──────── INFORMATION SHOWN ────────

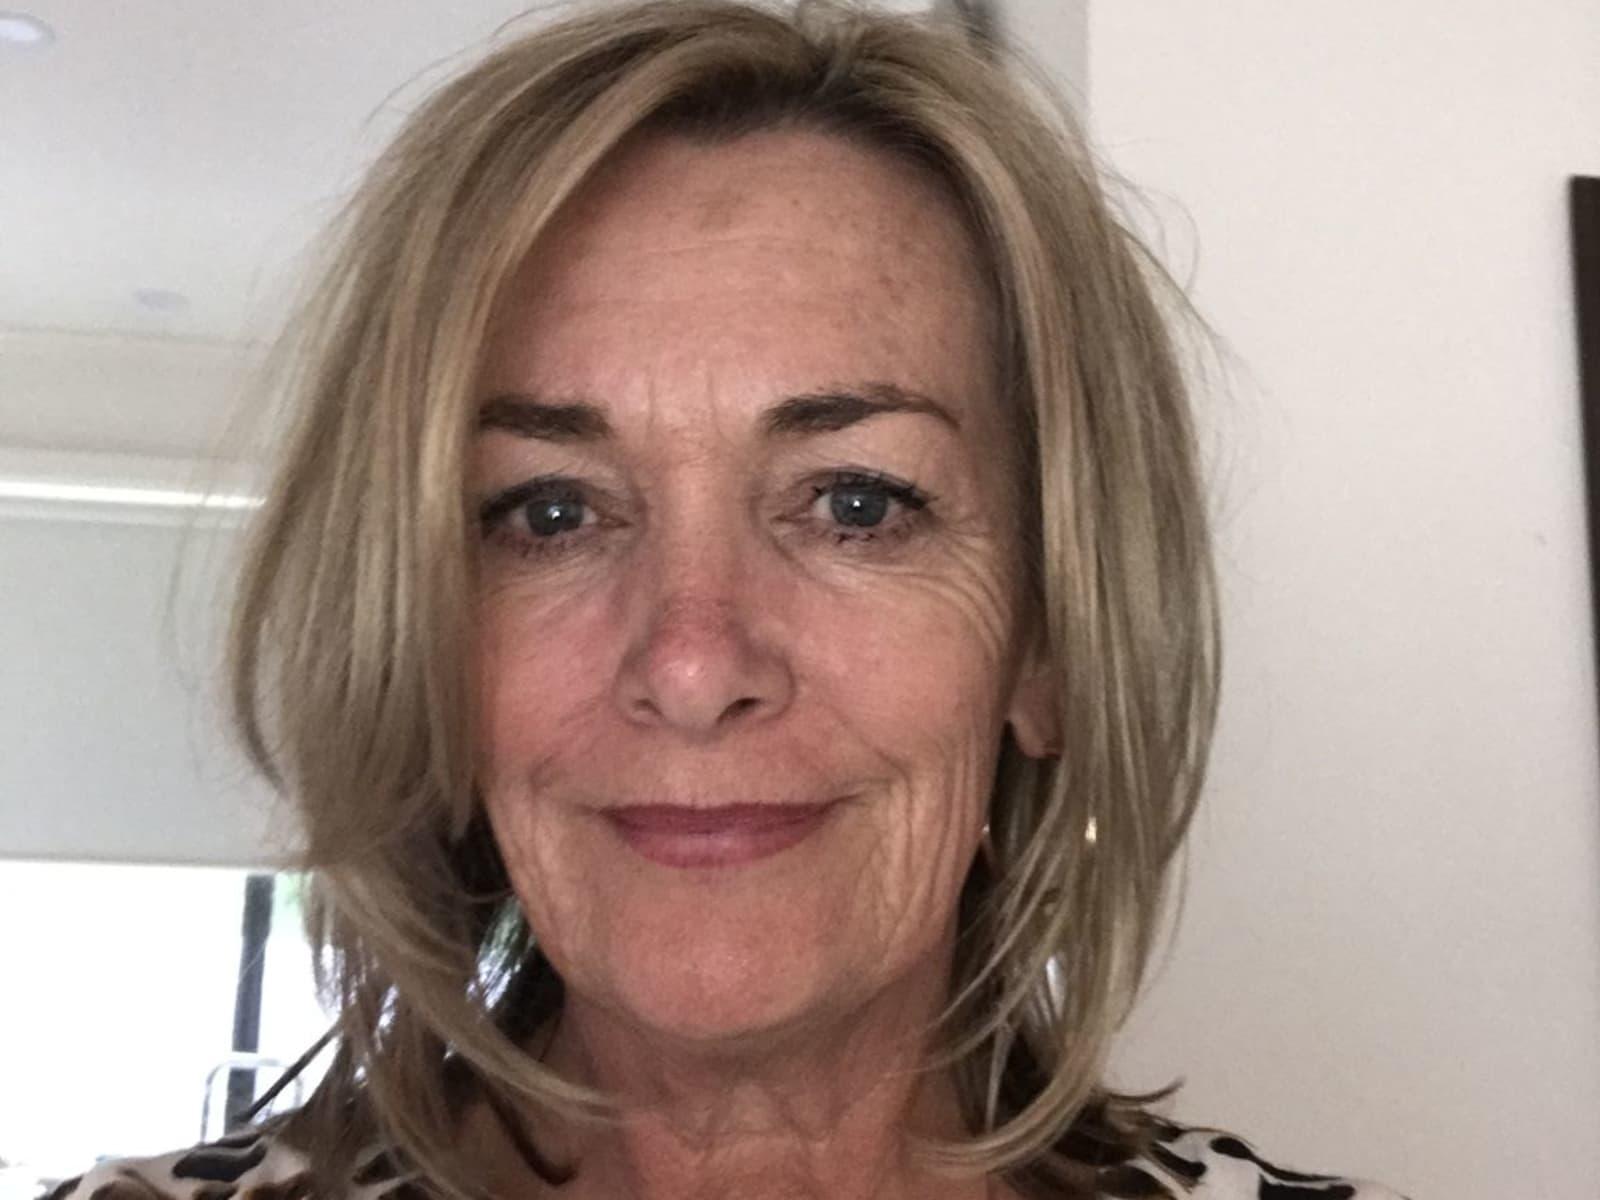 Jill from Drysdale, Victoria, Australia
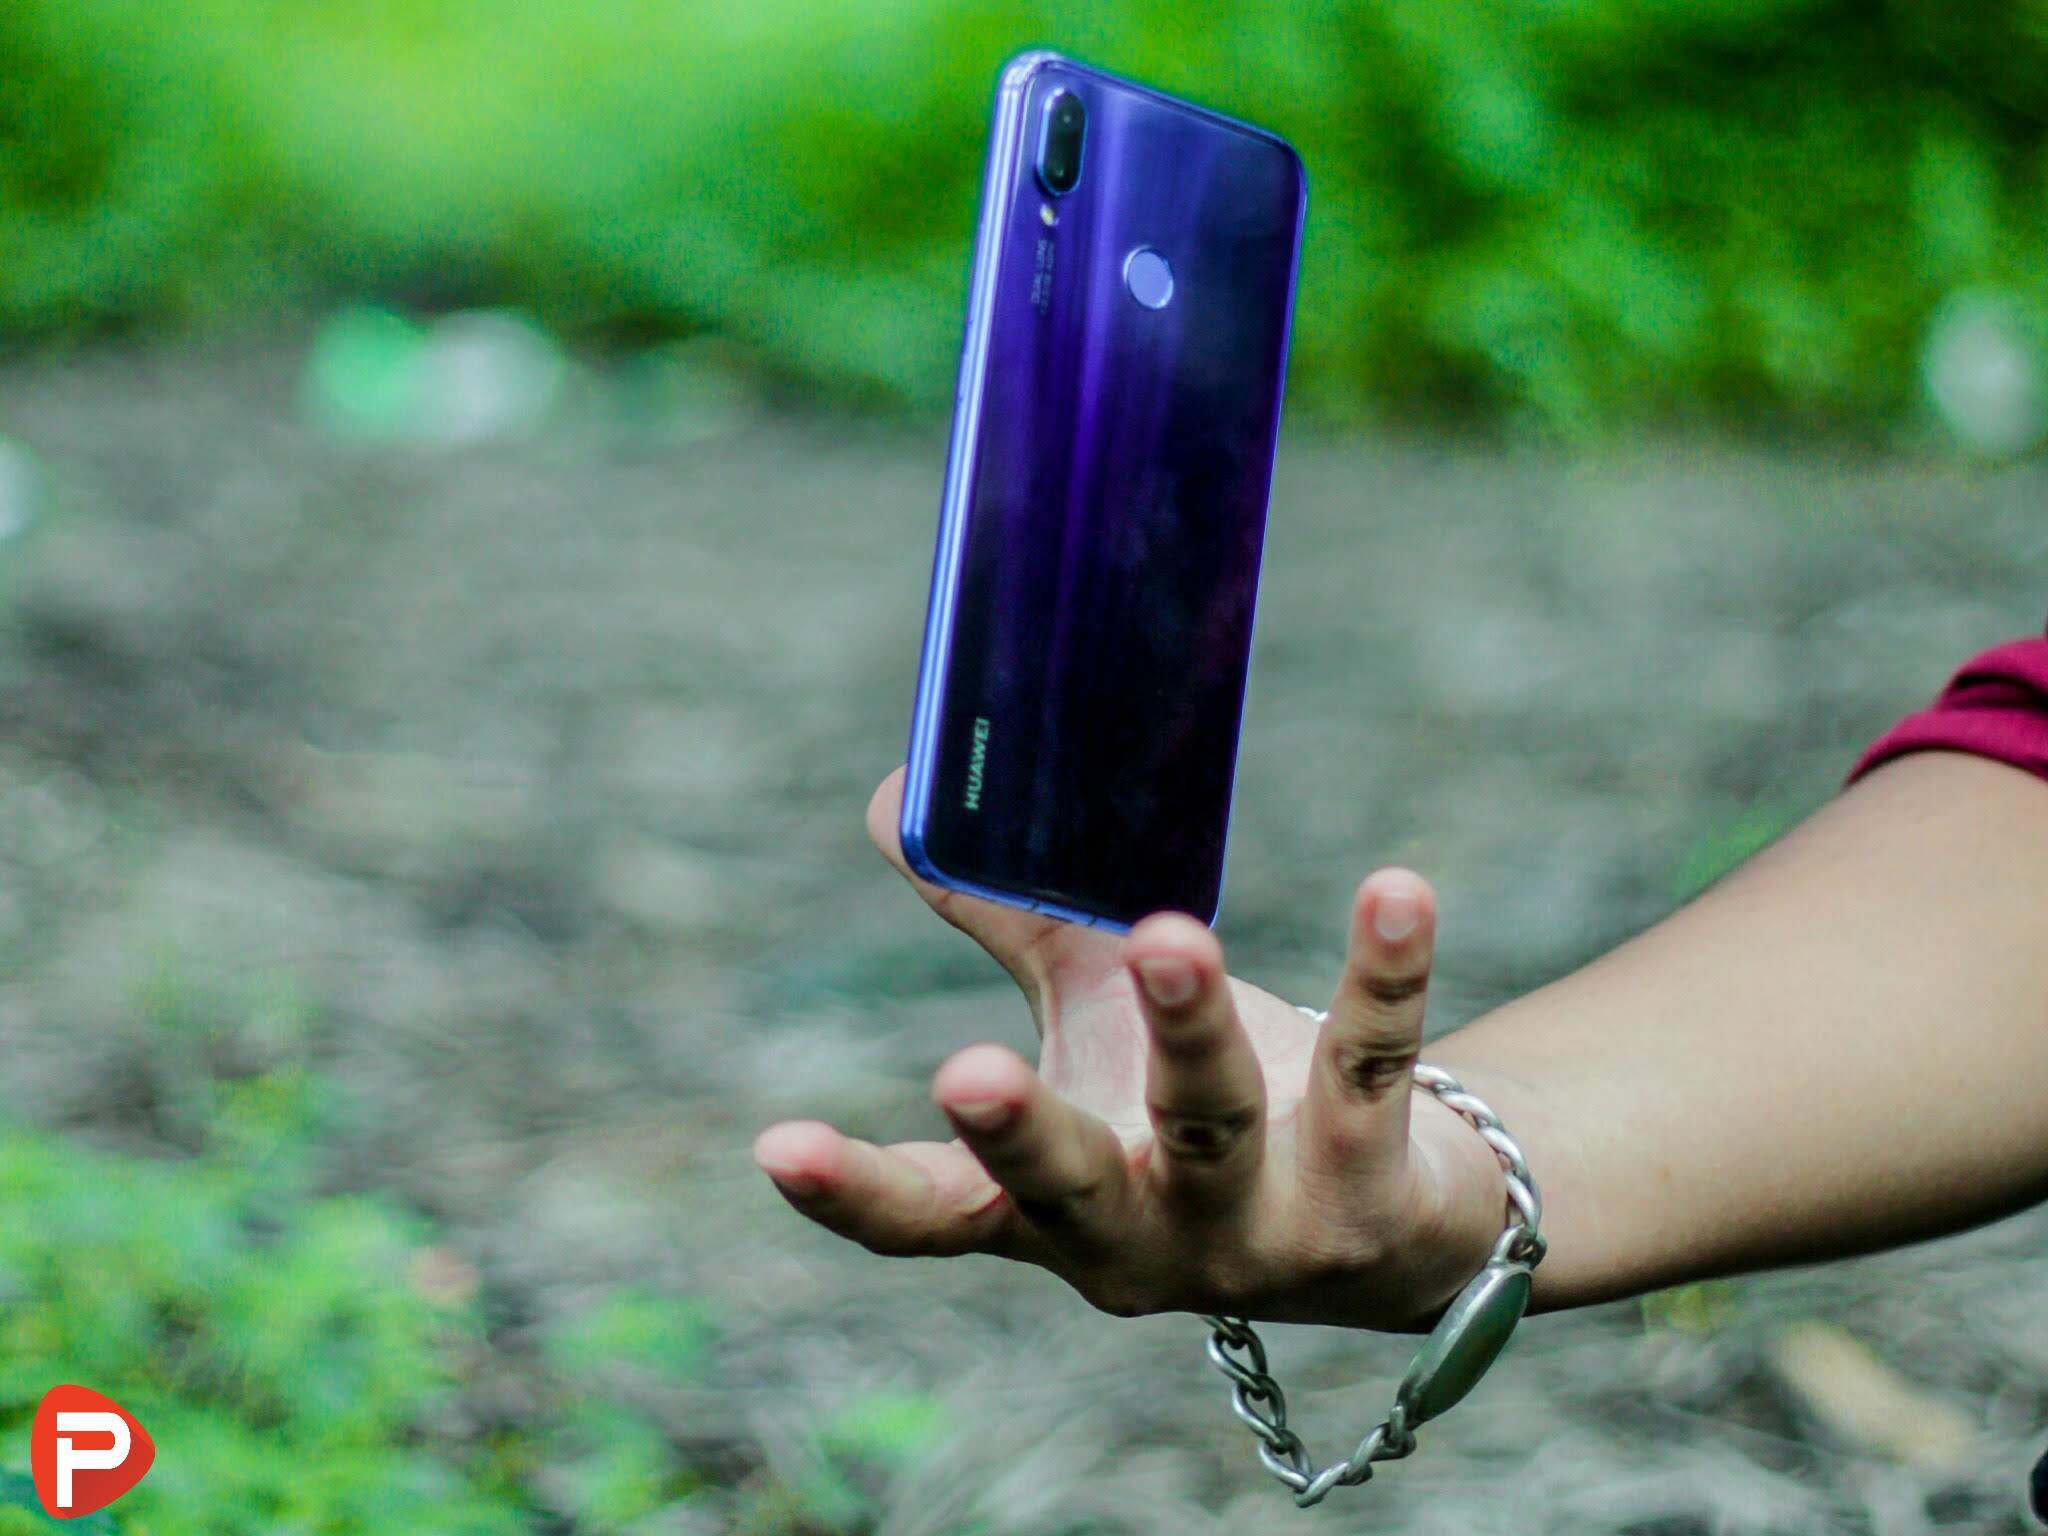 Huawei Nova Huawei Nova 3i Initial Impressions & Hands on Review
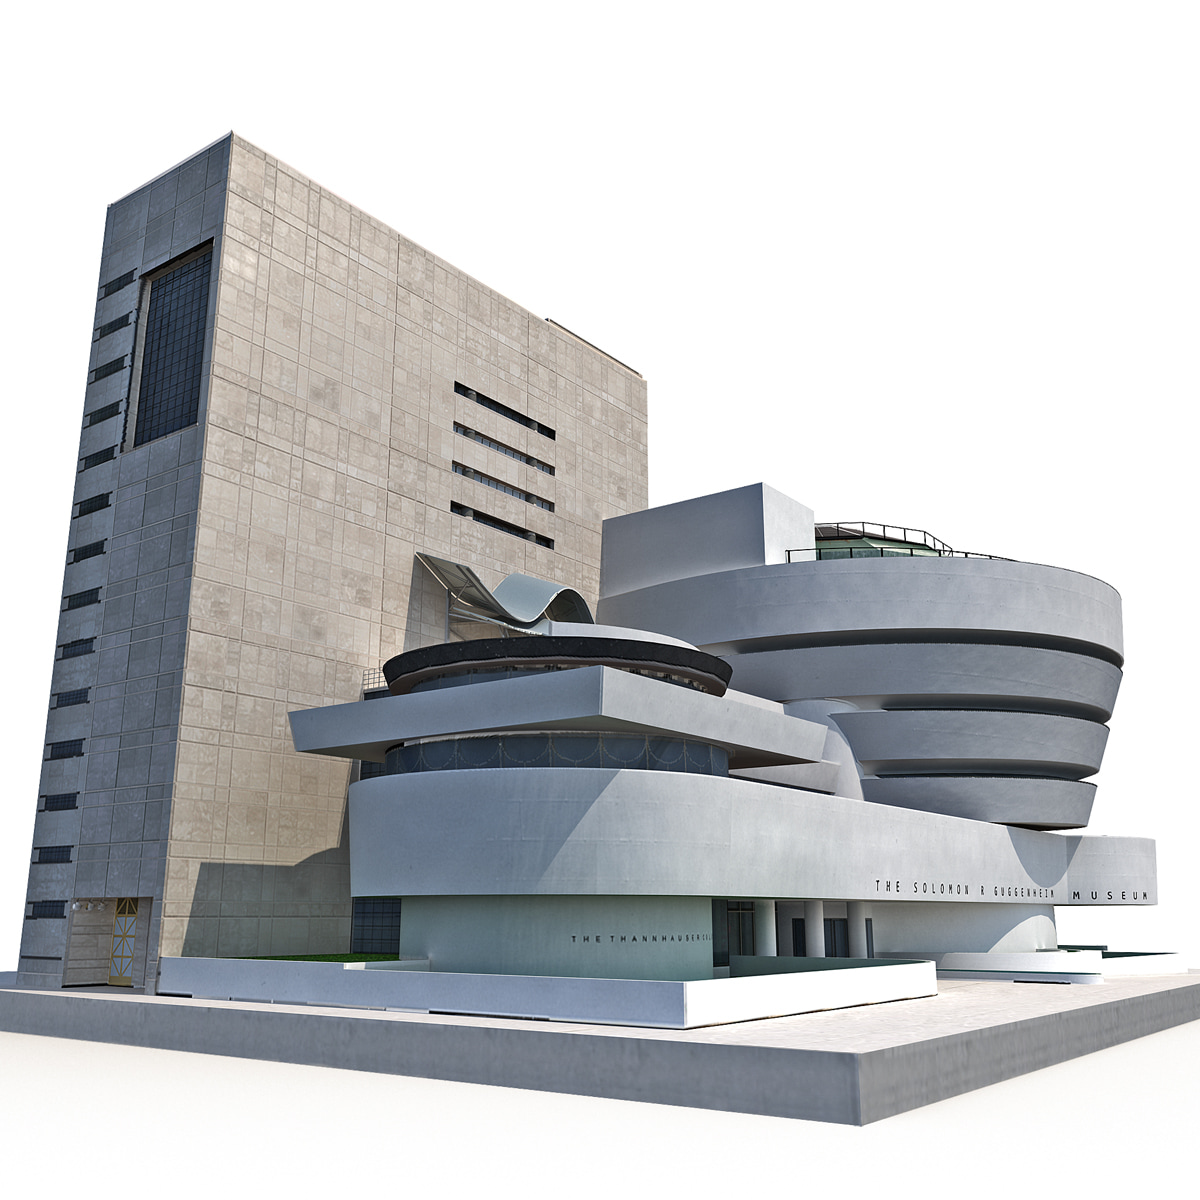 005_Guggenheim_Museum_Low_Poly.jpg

────────

Please retype the data exactly as it appears, but without any of its pictures.

 Jill from Drysdale, Victoria, Australia
 Huawei Nova Huawei Nova 3i Initial Impressions & Hands on Review
 005_Guggenheim_Museum_Low_Poly.jpg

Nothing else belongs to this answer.